Magistrado ponente: Luis Gabriel Miranda Buelvas

Ley 1437 de 2011

CORTE SUPREMA DE JUSTICIA Radicación n.° 71859 LUIS GABRIEL MIRANDA BUELVAS Magistrado ponente STL4112-2017 Radicación n.° 71859 Acta 10 Bogotá, D. C., veintidós (22) de marzo de dos mil diecisiete (2017). La Sala resuelve la impugnación interpuesta mediante apoderado judicial por ABRAHAM CAMILO QUEVEDO BAUTISTA, GUSTAVO ADOLFO QUINAYAS, ZULY YOBANA DORADO MUÑOZ, JAIRO GEOVANNY PARDO PAGUATIAN, MICHAEL ALEXANDER MORA CAICEDO, JHON ALEJANDRO PISCAL PONCE, PAOLA ANDREA DAZA BRAVO y LUZ KARIME HINCAPIE TORRES contra el fallo proferido el 24 de enero de 2017 por la Sala Laboral del Tribunal Superior de Pasto, dentro de la acción de tutela (acumulada) que interpusieron contra la COMISIÓN NACIONAL DEL SERVICIO CIVIL, trámite al que fueron vinculados la UNIVERSIDAD MANUELA BELTRÁN, el INSTITUTO NACIONAL PENITENCIARIO Y CARCELARIO INPEC y la IPS FUNDEMOS.

I.

ANTECEDENTES Los accionantes fundamentaron su solicitud de amparo en los siguientes hechos: Que el Estado, a través de la Comisión Nacional del Servicio Civil, llamó a concurso abierto y de méritos, mediante convocatoria n.º 335 de 2016, para proveer 400 vacantes definitivas, en el cargo de dragoneantes, código 4114, grado 11, de la planta global de personal del Inpec, con base en el Acuerdo 563 del 14 de enero de 2016, que constituye el fundamento, guía, procedimiento y garantía de transparencia para la convocatoria, adoptándose en la misma, el documento técnico denominado «profesiograma, el que se integra con el documento denominado inhabilidades médicas».

Que superaron las etapas de cumplimiento de requisitos y pruebas aplicadas: de valores, psicológico, clínica, físico atlética y entrevista; sin embargo, se confirmó la existencia de una inhabilidad médica que los dejó por fuera del concurso, las que se determinaron así: 2017-00001-00 (001) Accionante: Jhon Alejandro Piscal Ponce.

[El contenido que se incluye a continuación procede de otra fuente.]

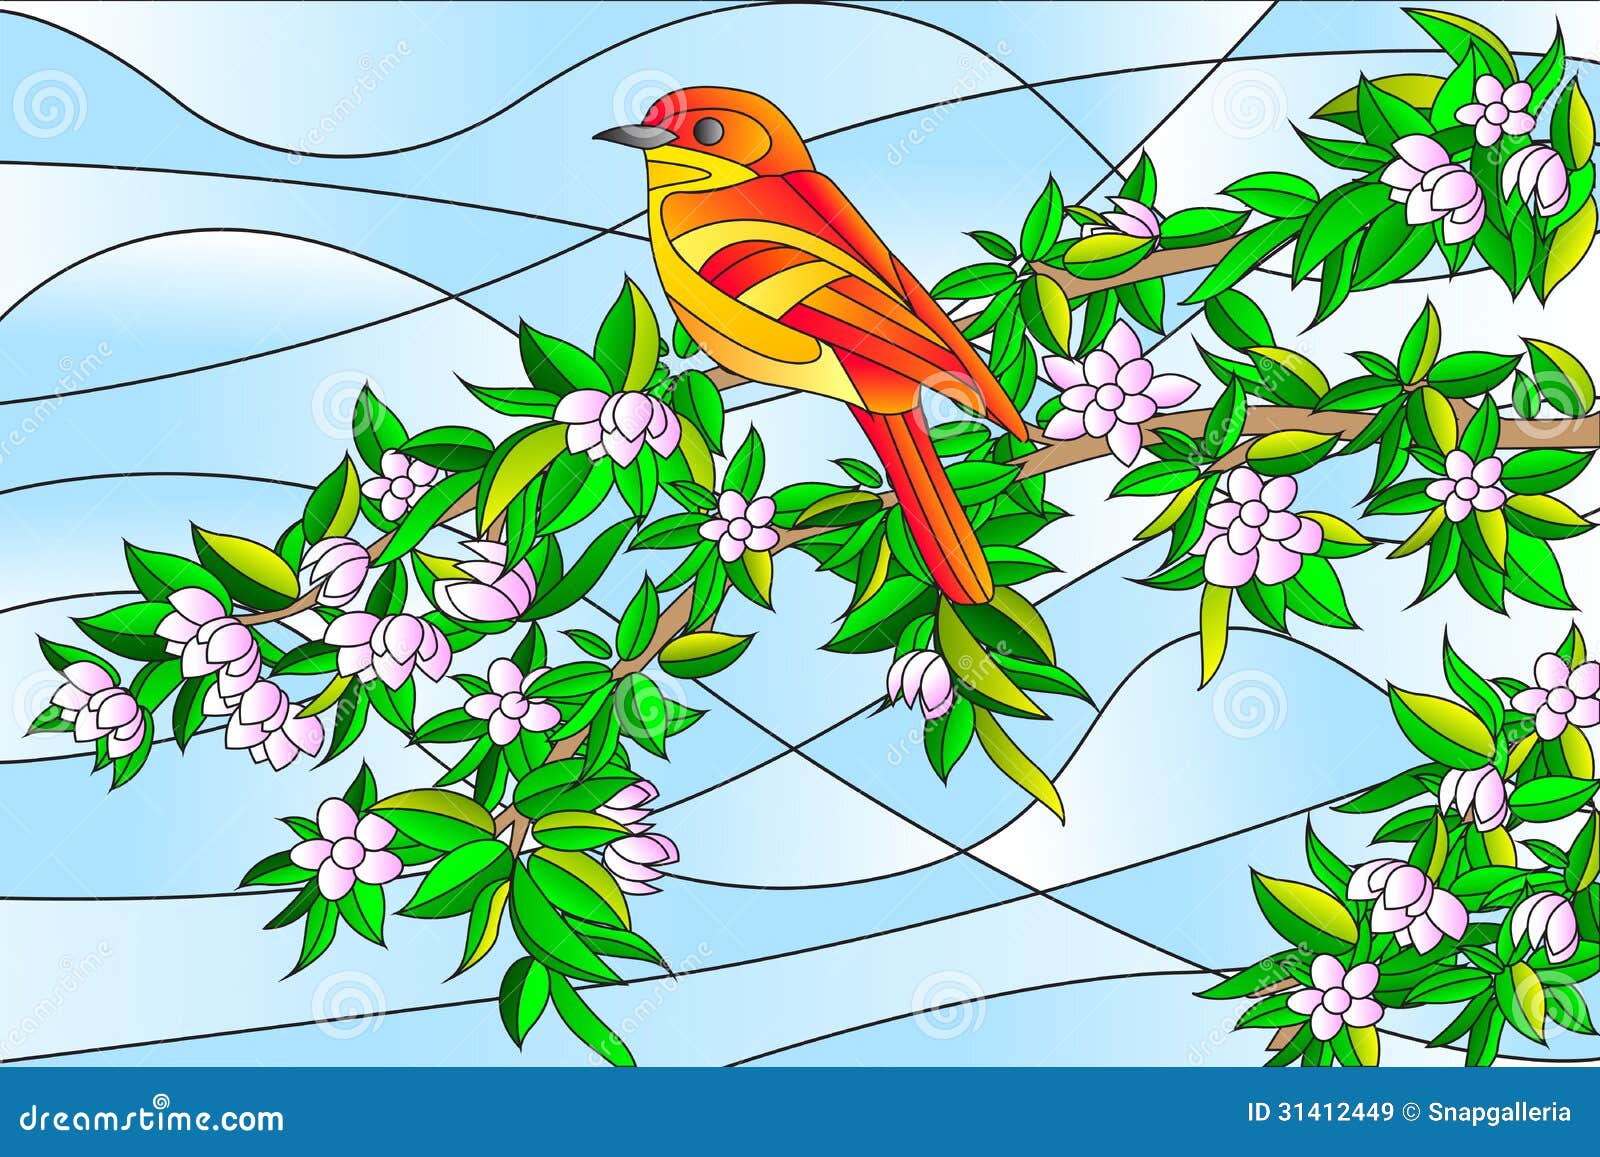 Bird Sitting on Tree Stained Glass Painting Stock Vector ...

Observación «presenta una inhabilidad con relación al examen de optometría». 2017-00002-00(002) Accionante: Luz Karime Hincapie Torres.

Observación «presenta inhabilidad en el siguiente examen: examen médico talla». 2017-00003-00(003) Accionante: Michael Alexander Mora Caicedo. Observación «presenta inhabilidades en los siguientes exámenes: médico ocupacional y optometría». 2017-00004-00(005) Accionante: Jairo Giovanny Prado Paguatian. Observación «presenta una inhabilidad con relación al examen médico ocupacional tatuaje». 2017-00005-00 (006) Accionante: Abraham Camilo Quevedo Bautista.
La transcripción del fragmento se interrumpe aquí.